In April, China's National Development and Reform Commission blocked Meta's planned US$2 billion acquisition of Manus, an AI-agent startup founded in Beijing that had moved its headquarters to Singapore in mid-2025. The deal, agreed in December, unraveled after co-founders Xiao Hong and Ji Yichao were barred from leaving China while regulators reviewed the transaction.
This case has been framed largely as a US-China story: a test of how far Washington and Beijing will allow AI talent and capital to flow between them. That reading is correct but incomplete. For capital allocators across the Indo-Pacific, the Manus saga reveals something more consequential: the fragility of a corporate strategy that financial media has dubbed “Singapore washing.”
The Mechanics of Singapore Washing
The strategy is straightforward. Chinese-founded firms relocate part of their corporate structure to Singapore to access Western capital and present a neutral face, while operations, intellectual property and the substance of the business remain in China. Shein, which moved its headquarters to Singapore in 2021 while keeping its roughly 10,000-supplier base in Guangdong, is a prominent example. Manus took the approach to its logical end in 2025, closing its China offices and moving its core team to Singapore in the months leading up to the Meta deal.
For a time, the gap between paper and substance did not matter, because no one with the power to act chose to look. Beijing's unraveling of the Manus-Meta deal was the moment someone looked and balked. The intervention established that a Chinese-founded company cannot simply re-domicile its way out of Chinese jurisdiction when its core technology and talent remain at home.
The message, as one reading of the case put it, is that Singapore can be a launch pad but not an exit ramp. That is a problem for Chinese founders. And it is a larger problem for Singapore.
The Cost to Singapore
When the integrity of a Singapore corporate structure becomes contingent on whether Beijing decides to assert a claim over what is inside it, the Singapore flag stops being a clean signal. It becomes a question, and the cost of that question does not fall only on the firms that misused the playbook. It falls on every legitimately Singaporean company that now has to prove it is not one of them.
This matters more now because regional capital is already under strain. Southeast Asian venture funding is contracting sharply. PitchBook's data points to a 33.9% year-on-year decline in regional venture capital deal value in 2025, to US$6.3 billion across 805 transactions, a fall the firm attributes partly to reduced cross-border participation and tighter diligence standards. In a tightening market, investors become far less willing to underwrite structures they cannot fully verify. Ambiguity that was tolerated in a capital-abundant cycle gets repriced to zero in a capital-scarce one.
The accounting fraud at eFishery, once one of the region's most celebrated startups, had already reset diligence standards across Southeast Asia. The Manus block adds a second lesson: the corporate structure itself might not be what it appears to be, and a jurisdiction's protection is only as durable as the substance beneath it. Together, these cases are teaching capital to look harder at Asia's cross-border structures. Singapore, as the region's preferred neutral domicile, has the most to gain if that scrutiny finds substance, and the most to lose if it does not.
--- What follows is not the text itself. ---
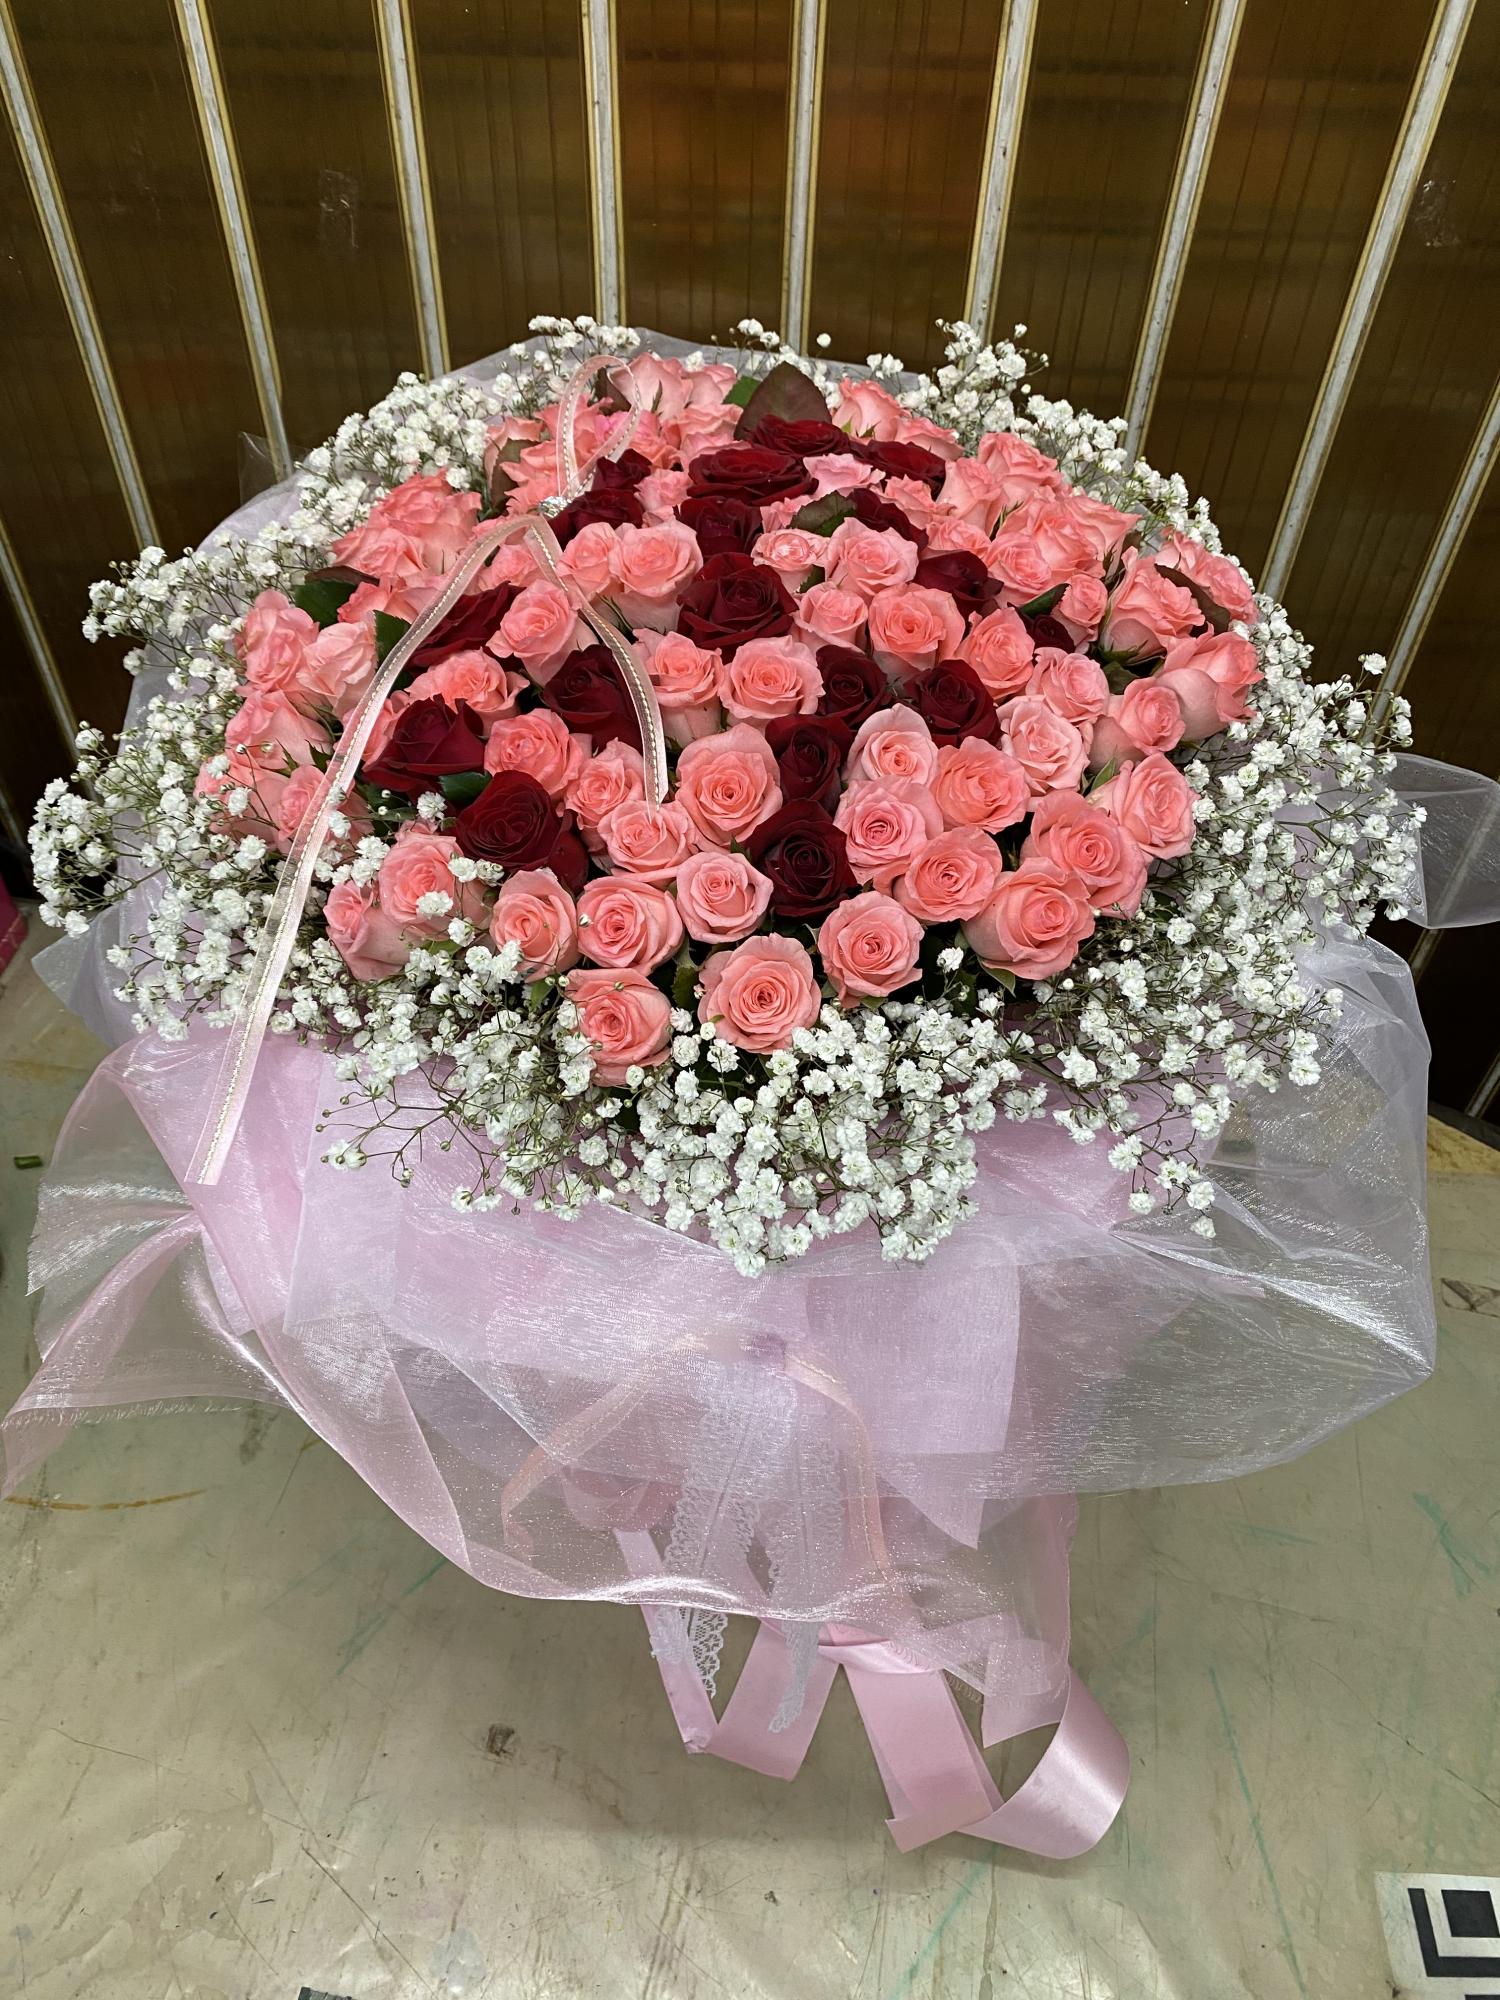 愛你粉久久/99朵玫瑰花束 – 喜樂創意設計花店
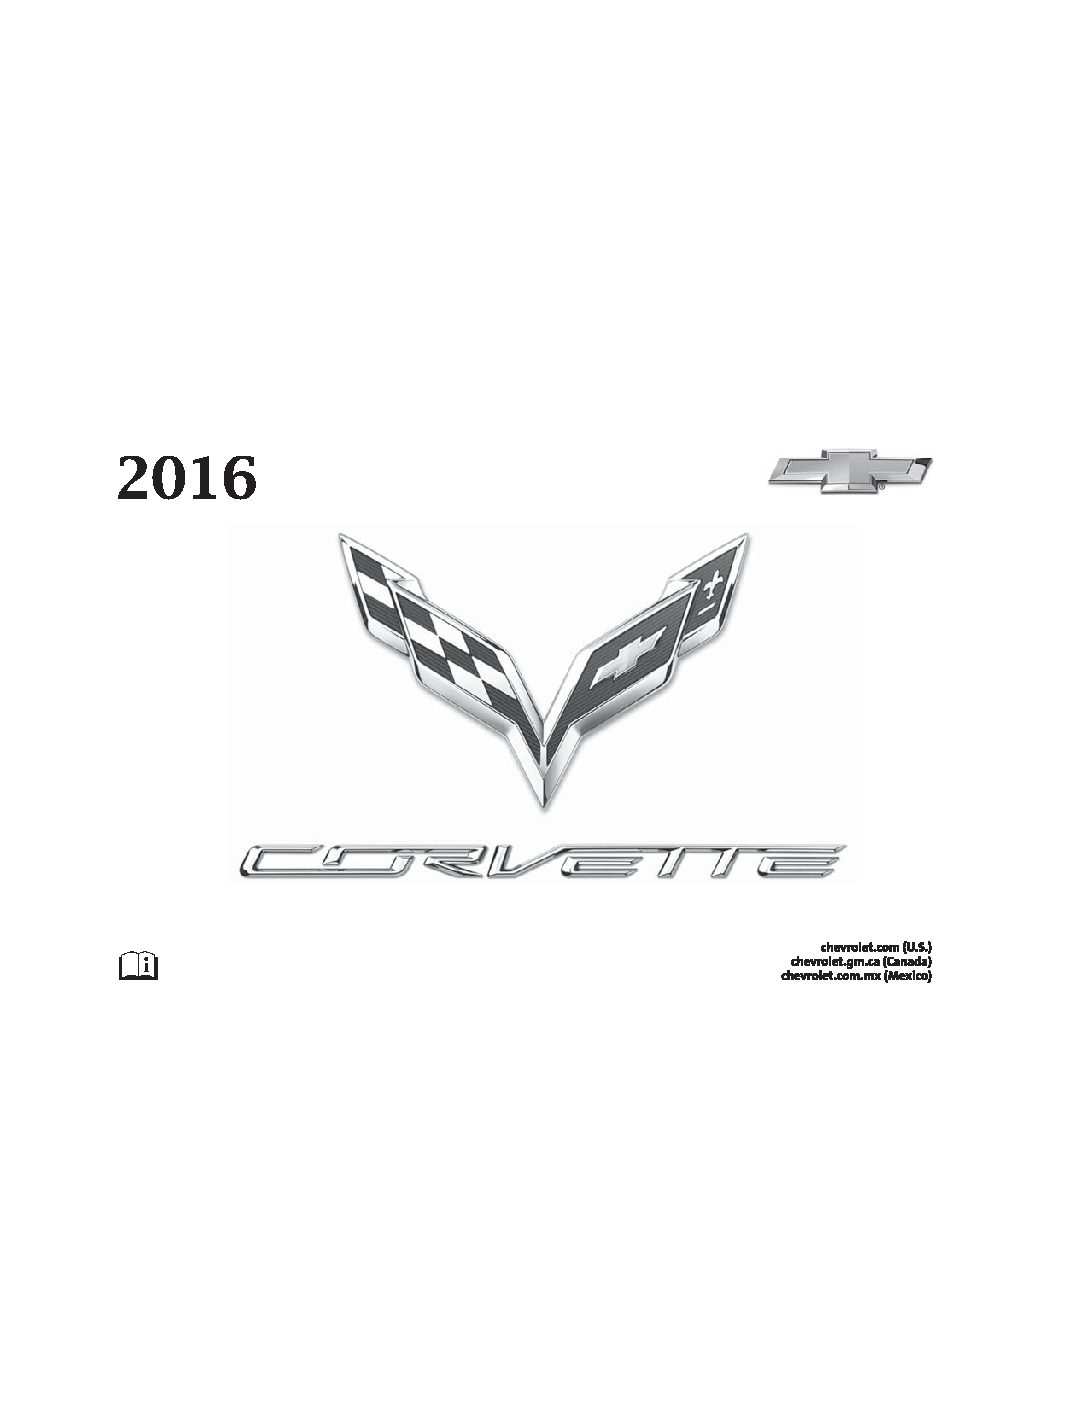 2016 Chevrolet Corvette Image

A Pattern Below the Headlines
The Manus case played out at the $2 billion level, which is why it made headlines. But the same structure shows up far below the headlines, in the deals investors actually see every week. Earlier this year, a founder pitched me on his semiconductor company. The pitch was for a Singapore-incorporated business for which the deck was clean, the market was real and the technology was genuinely differentiated. Then I asked three questions: Where does your intellectual property legally sit? Who owns the entity that owns it? And if I wire money into your Singapore company tomorrow, what exactly am I buying? He could not answer any of them cleanly. The IP sat in China. The product was built in China. The team was in China. The Singapore entity he was raising owned almost nothing of substance.
It was, in miniature and entirely sincerely, the same structure Beijing had just enforced against at the $2 billion level. The founder was not running a scheme. He had simply done what the ecosystem had taught him to do: put a Singapore wrapper on a Chinese business and assume the wrapper was enough. But it is no longer enough, and the Manus case is the clearest signal yet that Singapore washing will never be the same.
For investors, the lesson is clear: due diligence must now go beyond paper. For Singapore, the challenge is to ensure its corporate structures remain credible in a world where Beijing is willing to look inside them. The region's capital markets will be watching closely.